Anthropic's Overbroad DMCA Takedown Briefly Nuked 8,100 GitHub Repos

Eight thousand one hundred GitHub repositories went dark after Anthropic filed an overbroad DMCA takedown targeting leaked Claude Code source code on March 31, 2026. Most were restored within 24 hours, but the disruption window was long enough to take down CI pipelines, break distribution links, and freeze developer access without warning. For the retro emulation community, which relies on GitHub for source hosting, release artifacts, and compatibility database management, the incident is a pointed operational warning.

The chain of events began when a software engineer discovered that Anthropic had, seemingly by accident, included access to the source code for its Claude Code command-line application in a recent release. The mechanism was an NPM package that shipped a source map large enough to allow reconstruction of the company's proprietary TypeScript source. Developers found it almost immediately and began forking and mirroring before Anthropic could react, prompting the company to file takedown notices the same day.

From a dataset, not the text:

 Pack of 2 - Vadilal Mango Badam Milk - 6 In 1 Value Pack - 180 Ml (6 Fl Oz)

That is where the scope became a problem: because the reported network contained more than 100 repositories and Anthropic asserted that most forks were equally infringing, GitHub processed the takedown against the entire network of 8,100 repositories, inclusive of the parent repository. That net swept in legitimate forks of Anthropic's own publicly released Claude Code repository.

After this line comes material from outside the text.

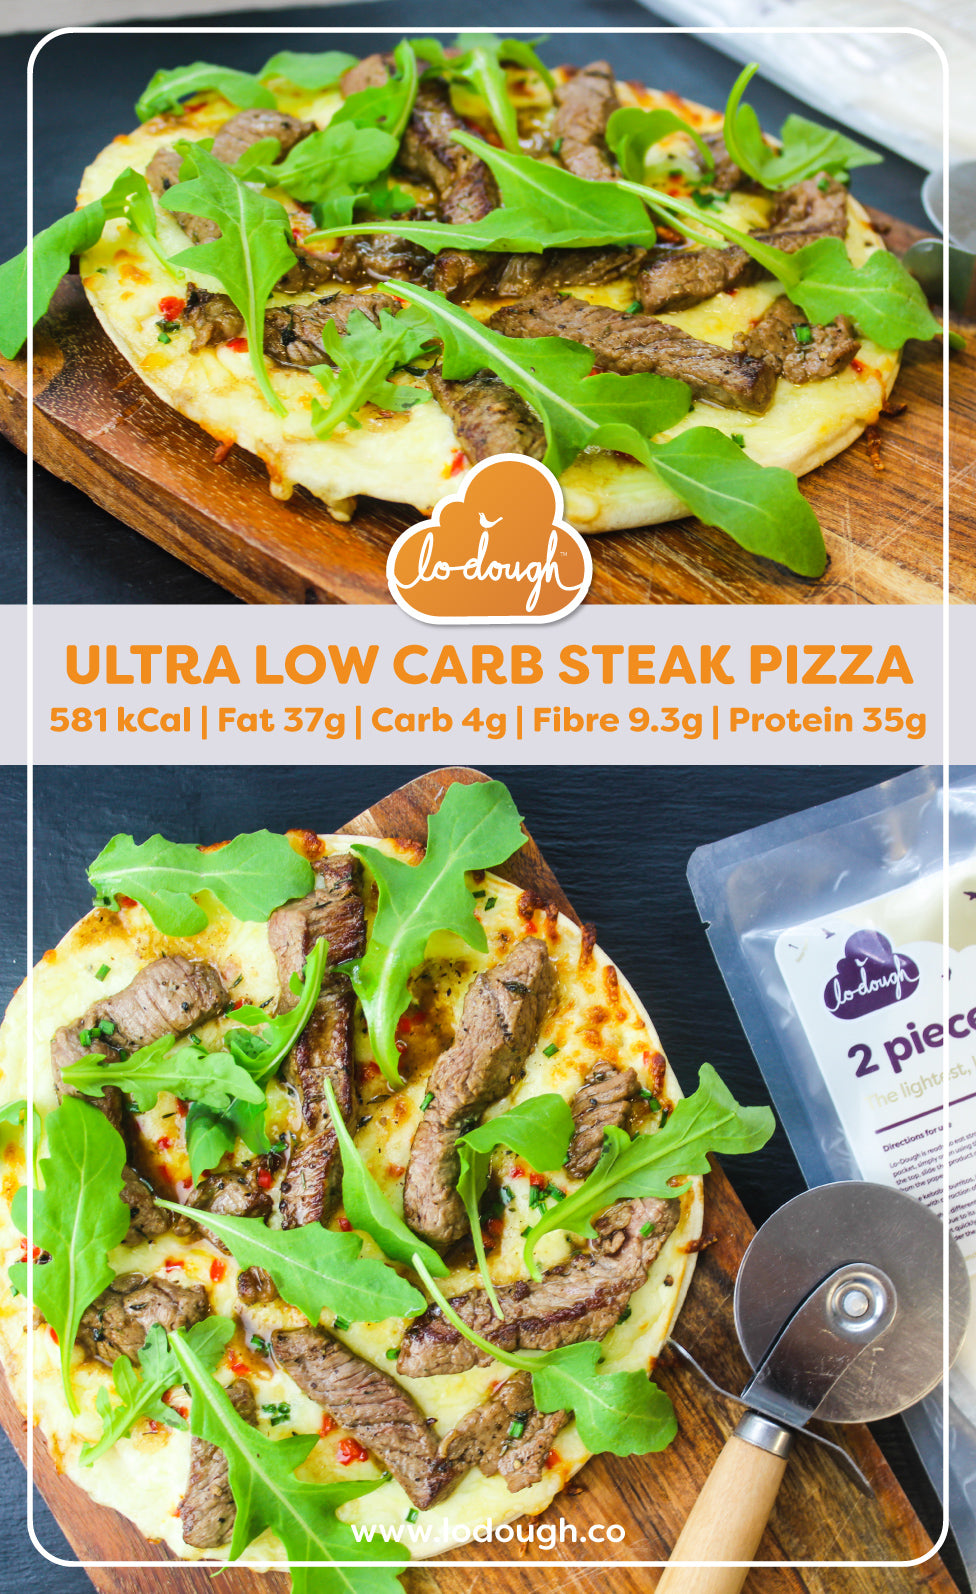 Ultra low carb steak pizza

Developer Theo (t3.gg) was among those caught in the sweep; his fork contained no leaked source code at all, only a pull request where he had edited a skill. Anthropic engineer Boris Cherny acknowledged the collateral damage, writing: "This was not intentional, we've been working with GitHub to fix it. Should be better now." A partial retraction followed on April 1, pulling back the notice against all repositories except the original and 96 forks. Anthropic retracted the bulk of the notices and GitHub restored access to the affected forks, but not before a full day of disruption landed on thousands of developers who had done nothing wrong.

For anyone maintaining an emulator, compatibility database, or BIOS tool on GitHub, this incident should register as concrete operational risk rather than abstract legal theory. Emulation repositories already carry enforcement exposure from game publishers, but the Anthropic case introduces a different threat vector: your project does not have to be the target. GitHub's DMCA process, when it receives a properly formatted complaint, may disable or remove content, and maintainers must file a counter-notice and wait out a statutory window before content can be restored. An overbroad notice from an unrelated rights holder can sweep your stable release branch into a takedown purely because it shares a fork network with something else.

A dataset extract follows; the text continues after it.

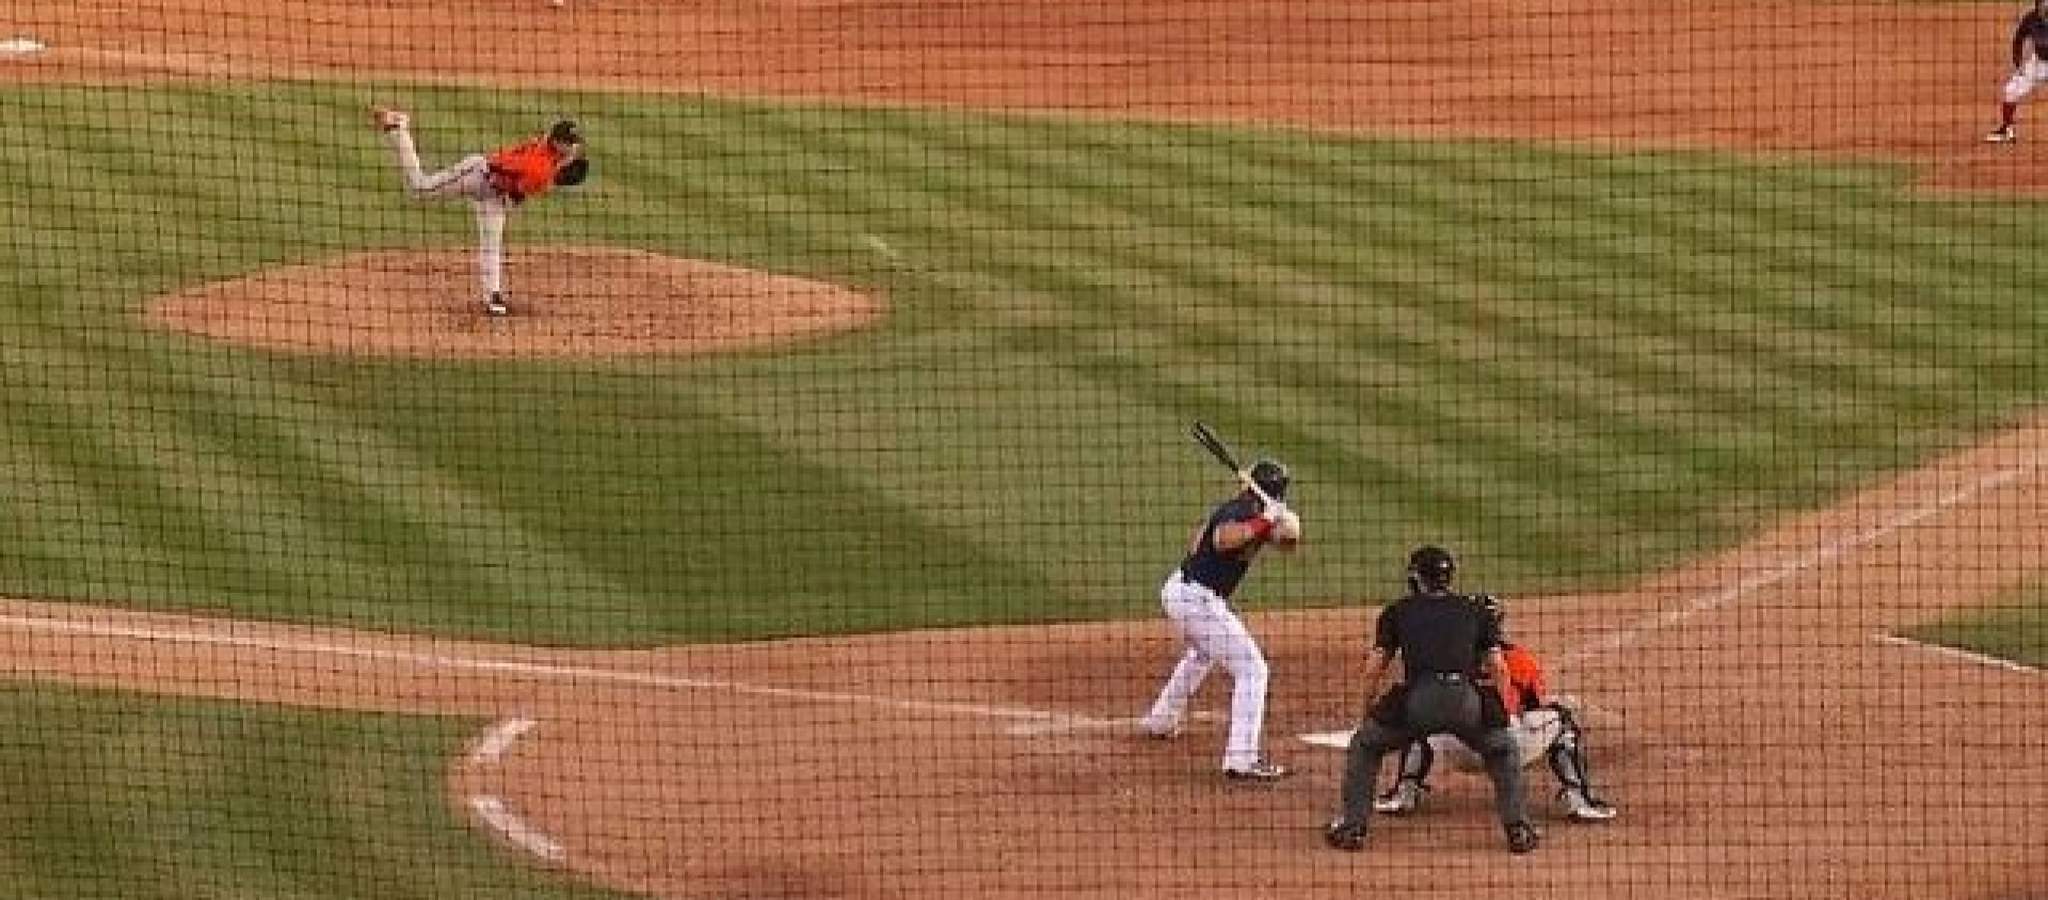 Minor league baseball teams in Southwest Virginia prepare for spring season

The mitigation steps are not complicated, but they require acting before a notice arrives. Push a read-only mirror to a second platform; GitLab, Codeberg, and self-hosted Gitea all support automated sync and give you an independent distribution channel that survives a GitHub outage. Distribute every release artifact to an independent host alongside GitHub Releases so a disabled repo does not also kill your download links. Back up issue tracker content and wiki pages on a regular schedule, since neither is included in a standard git clone and both disappear when a repo goes dark. Maintain signed checksums for your release builds and host the manifest somewhere independently accessible, giving users a way to verify integrity from any mirror. Finally, identify your counter-notice process and a legal contact before you need them; the DMCA's restoration clock starts the moment a notice is filed, and an unprepared maintainer loses days they cannot recover.

This was Anthropic's third code leak in under a year. The emulation community has watched enough hosting platforms collapse, enforcement waves hit, and services disappear to know that "resolved in 24 hours" is the optimistic version of this story. Build for the version where it is not.